Facebook Inverse Cooking Algorithm

Original article was published on Deep Learning on Medium

Facebook Inverse Cooking Algorithm

Predicting a full recipe from an image better than humans

Figure 1 Predicted ingredients after running Inverse Cooking algorithm in a meal of sushi.

This recipe retrieval algorithm was developed by Facebook AI Research and it is able to predict ingredients, cooking instructions and a title for a recipe, directly from an image (Figure 2) [1].
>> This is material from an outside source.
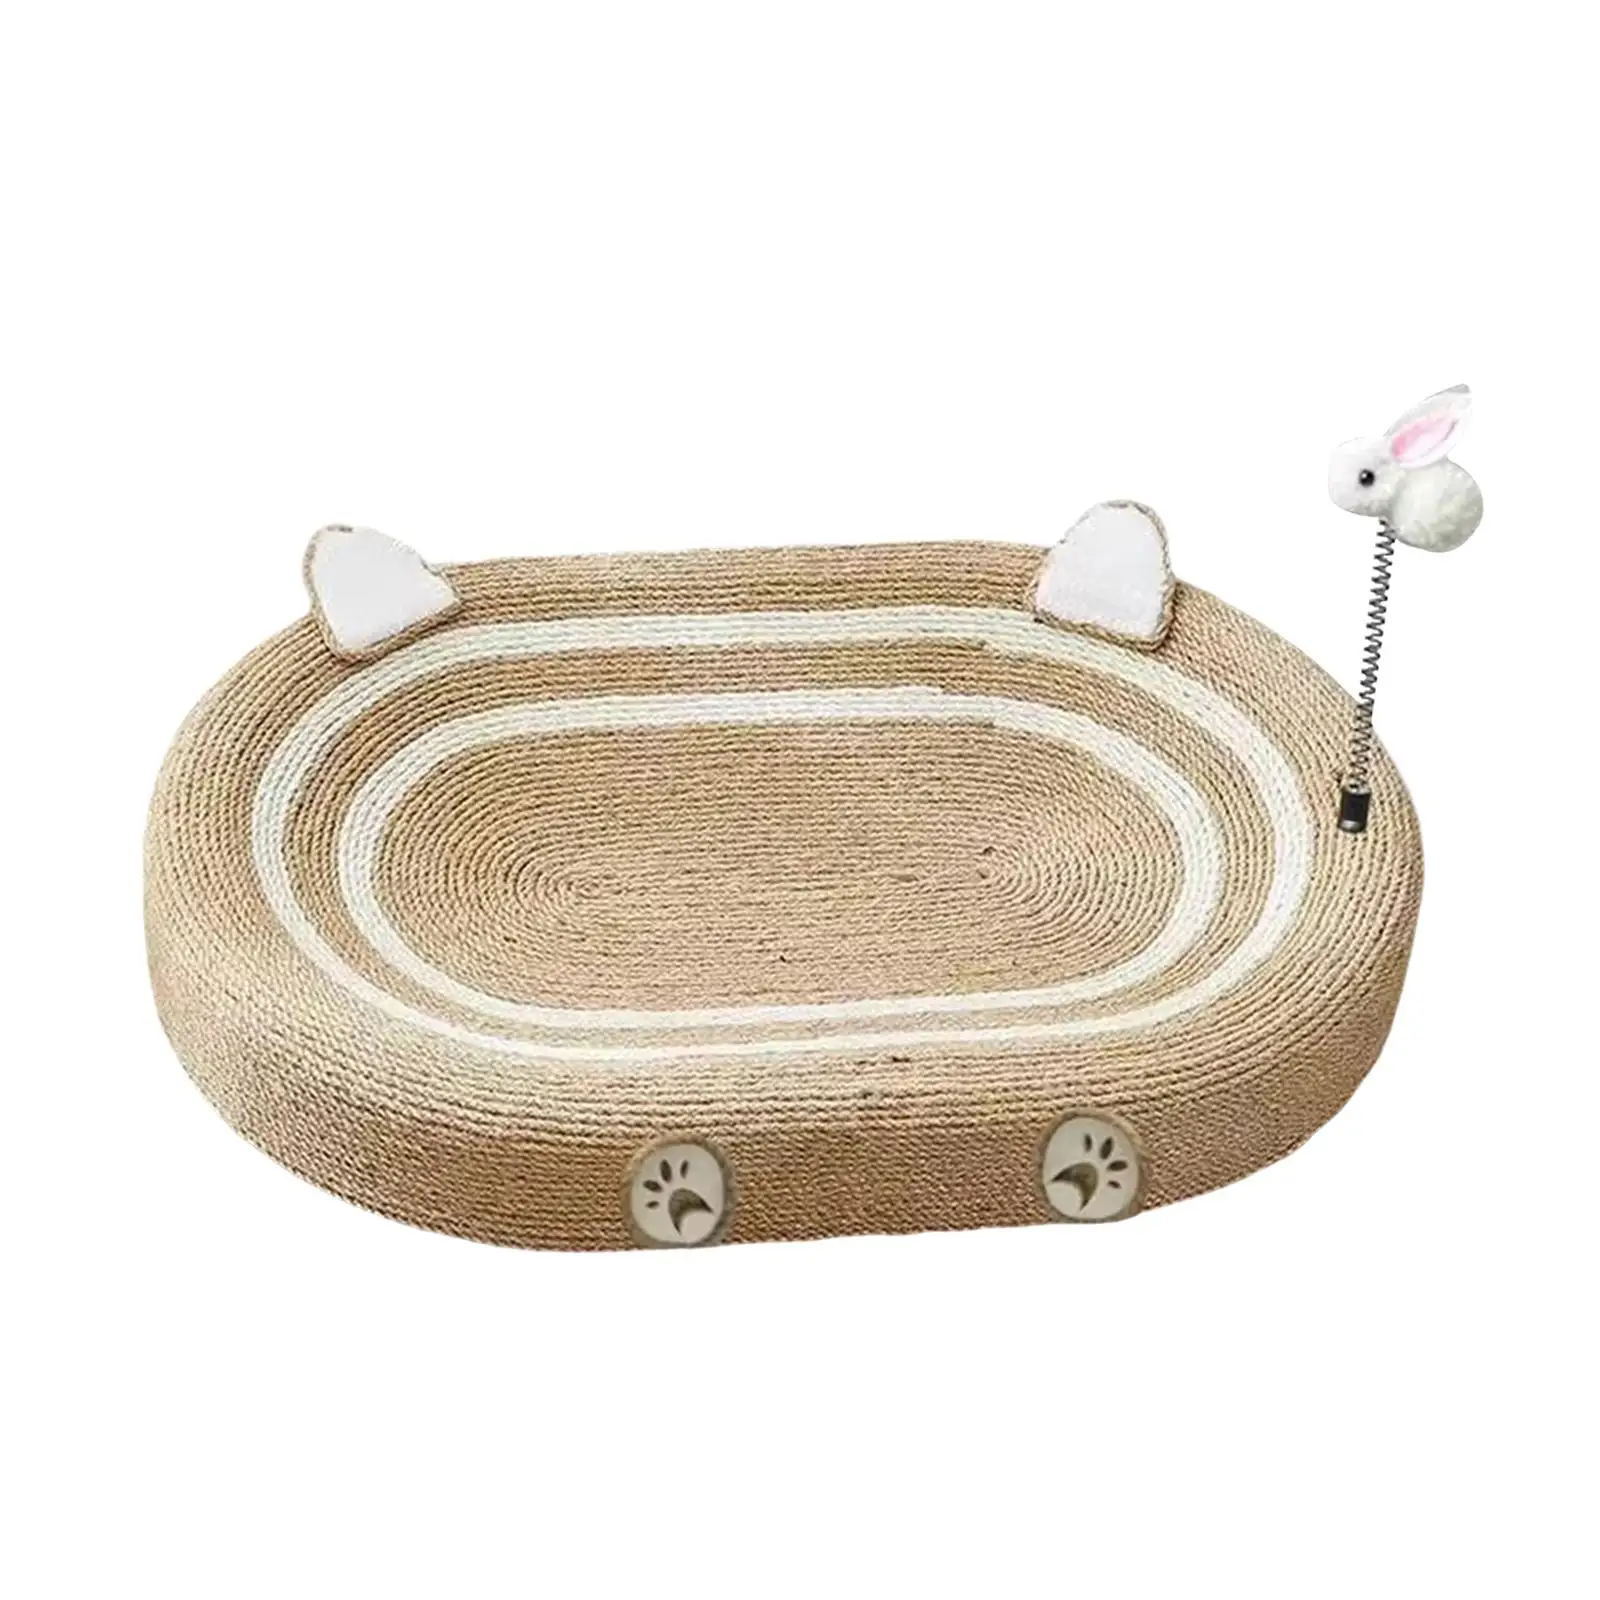 Cat Scratching Board Pet Scratcher Play Toy for Kitty Oval Cat Scratch Pad

Figure 2 Example of a generated recipe by the Inverse Cooking Algorithm

In the past, algorithms have been using simple systems of recipe retrieval based on image similarities in an embedding space. This approach is highly dependent on the quality of the learned embedding, dataset size and variability. Therefore, these approaches fail when there is no match between the input image and the static dataset [1].
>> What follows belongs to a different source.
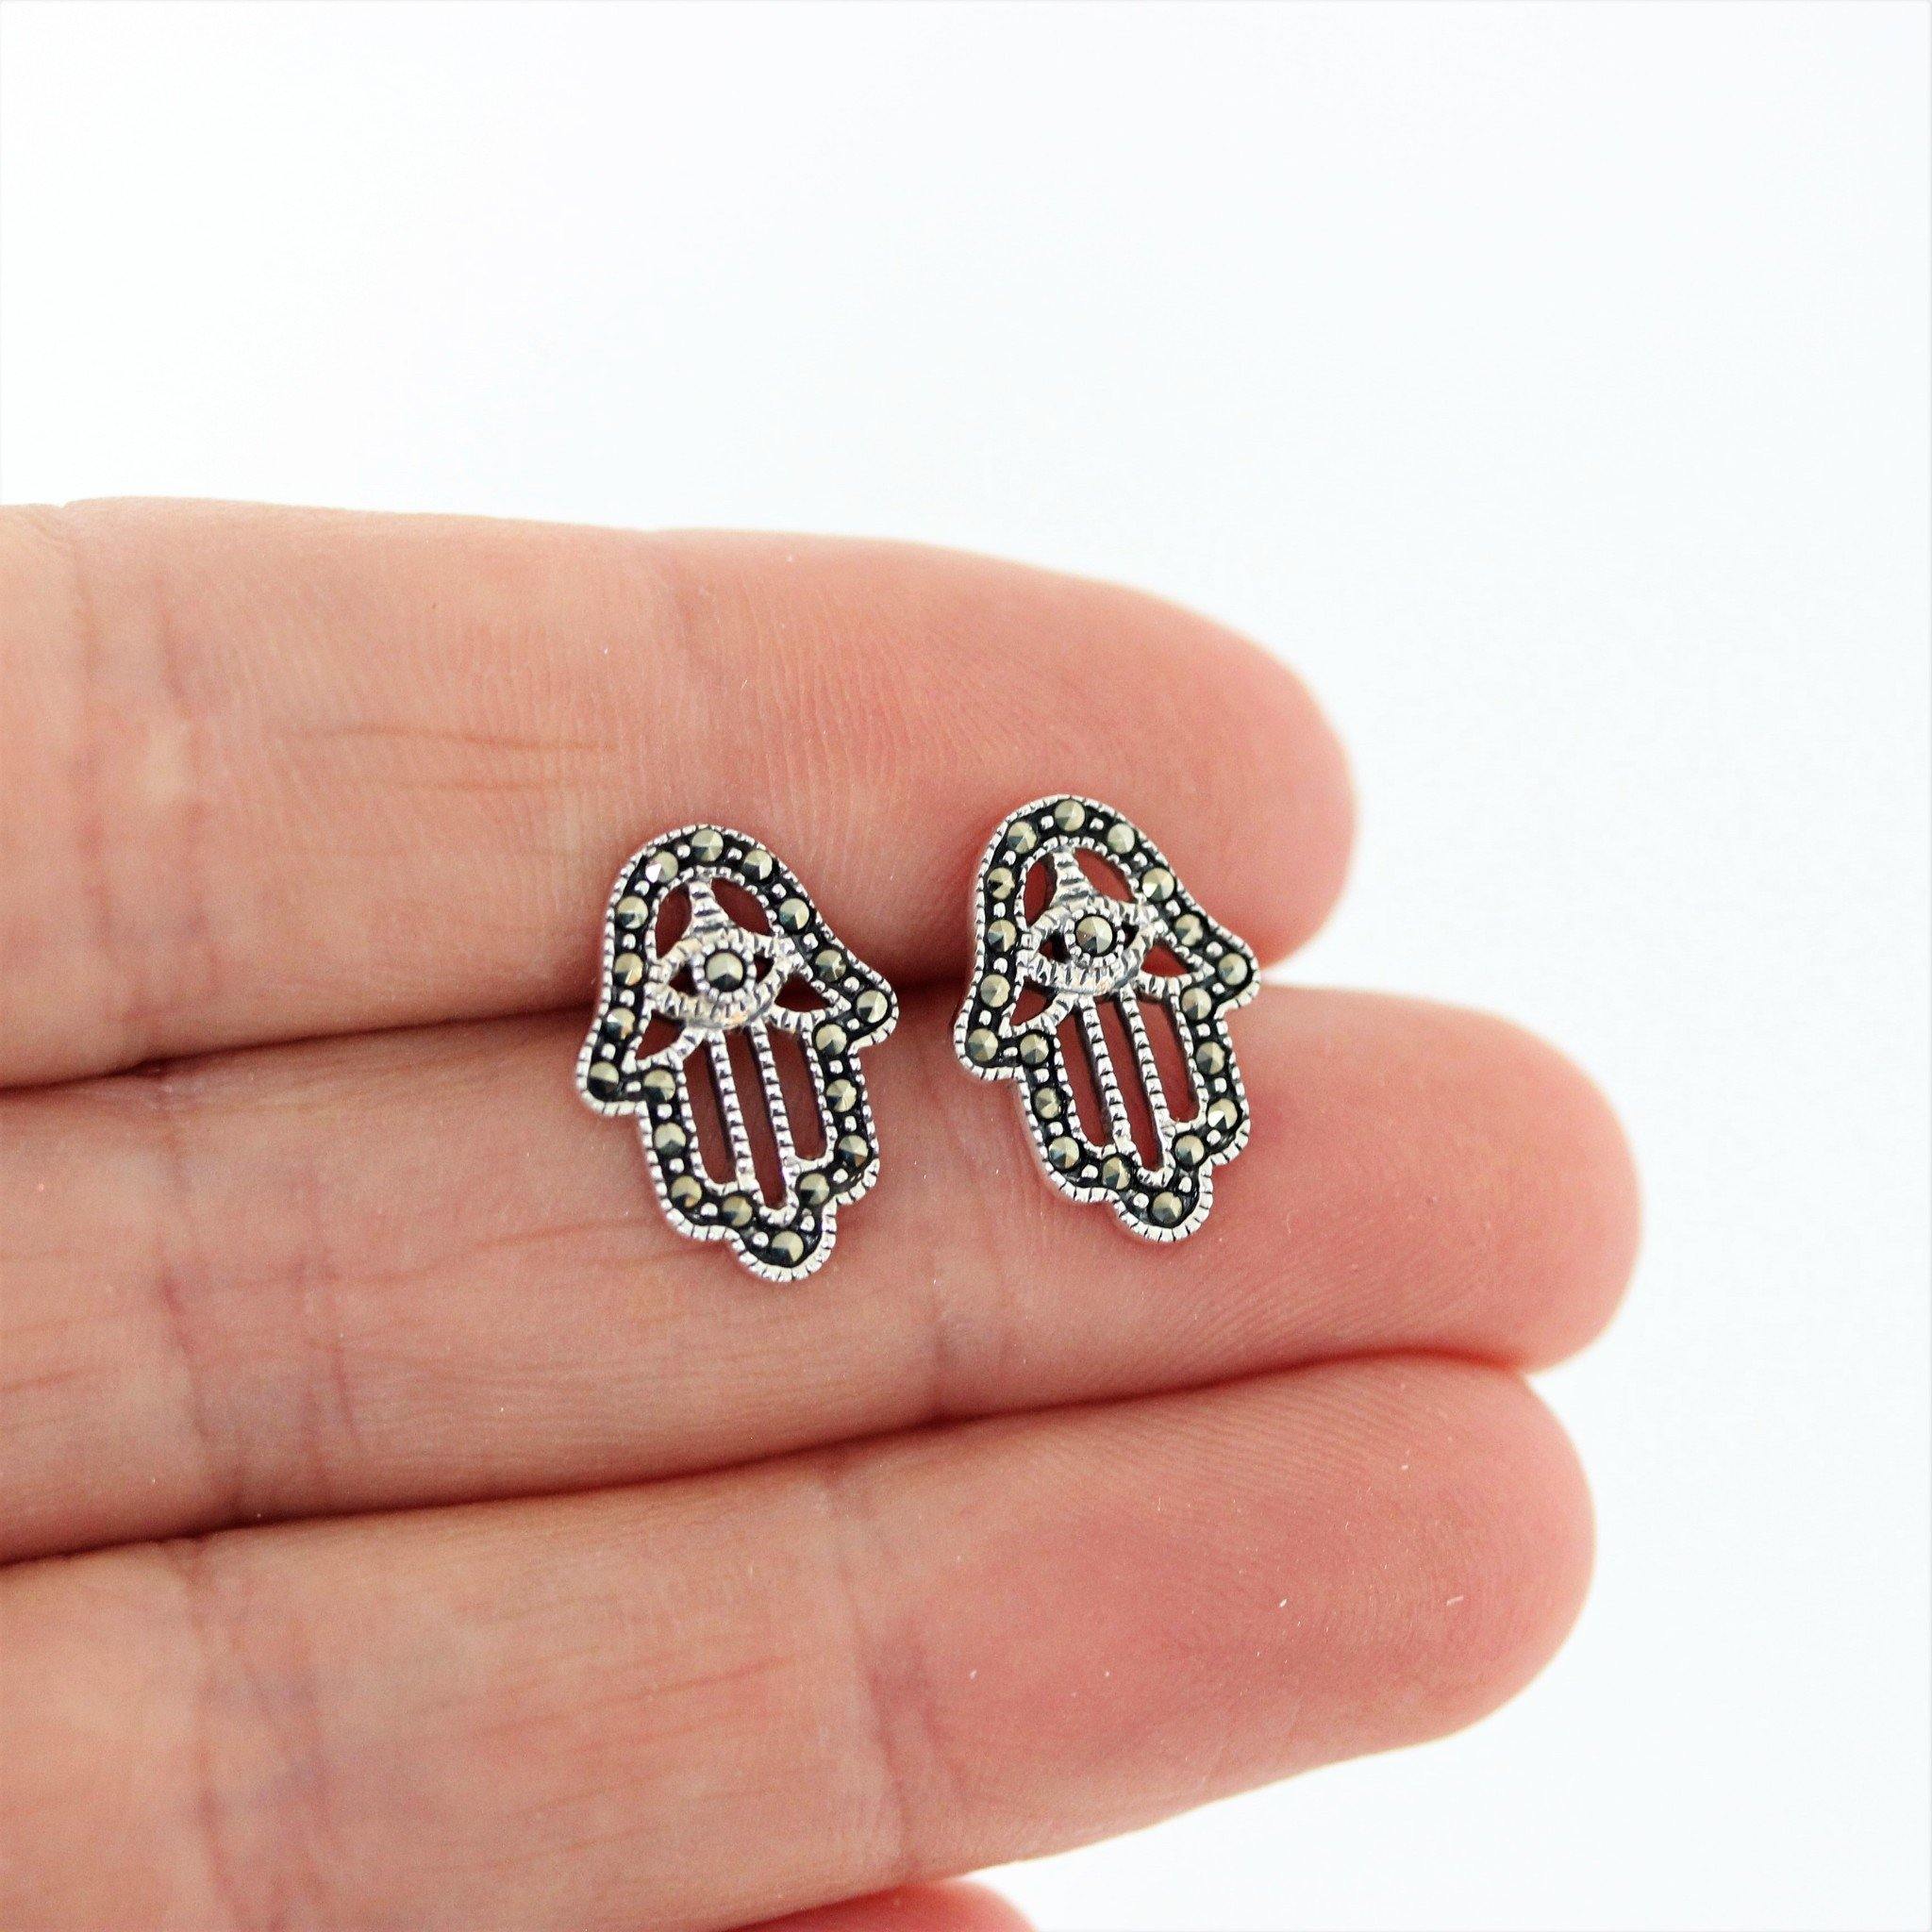 Sterling Silver 925 Marcasite Vintage Style Cut Out Hamsa Hand Stud Earrings - STERLING SILVER DESIGNS

Inverse cooking algorithm instead of retrieving a recipe directly from an image, proposes a pipeline with an intermediate step where the set of ingredients is first obtained. This allows the generation of the instructions not only taking into account the image, but also the ingredients (Figure 1) [1].

Figure 3 Inverse Cooking recipe generation model with the multiple encoders and decoders, generating the cooking instructions [1]

One of the major achievements of this method was to present higher accuracy than a baseline recipe retrieval system [2] and average human [1], while trying to predict the ingredients from an image.

Figure 4 Left: IoU and F1 scores for ingredients obtained with retrieval approach [2], Facebook’s method (Ours) and humans. Right: Recipe success rate according to human judgment [1]

Inverse Cooking algorithm was included in a food recommendation system app developed and published here. Based on the predicted ingredients in the web application, several suggestions are provided to the user, such as: different ingredient combinations (Figure 1).


[1] A. Salvador, M. Drozdzal, X. Giro-i-Nieto and A. Romero, “Inverse Cooking: Recipe Generation from Food Images,” Computer Vision and Pattern Recognition, 2018.

[2] A. Salvador, N. Hynes, Y. Aytar, J. Marin, F. Ofli, I. Weber and A. Torralba, “Learning cross-modal embeddings for cooking recipes and food images,” Computer Vision and Pattern Recognition, 2017.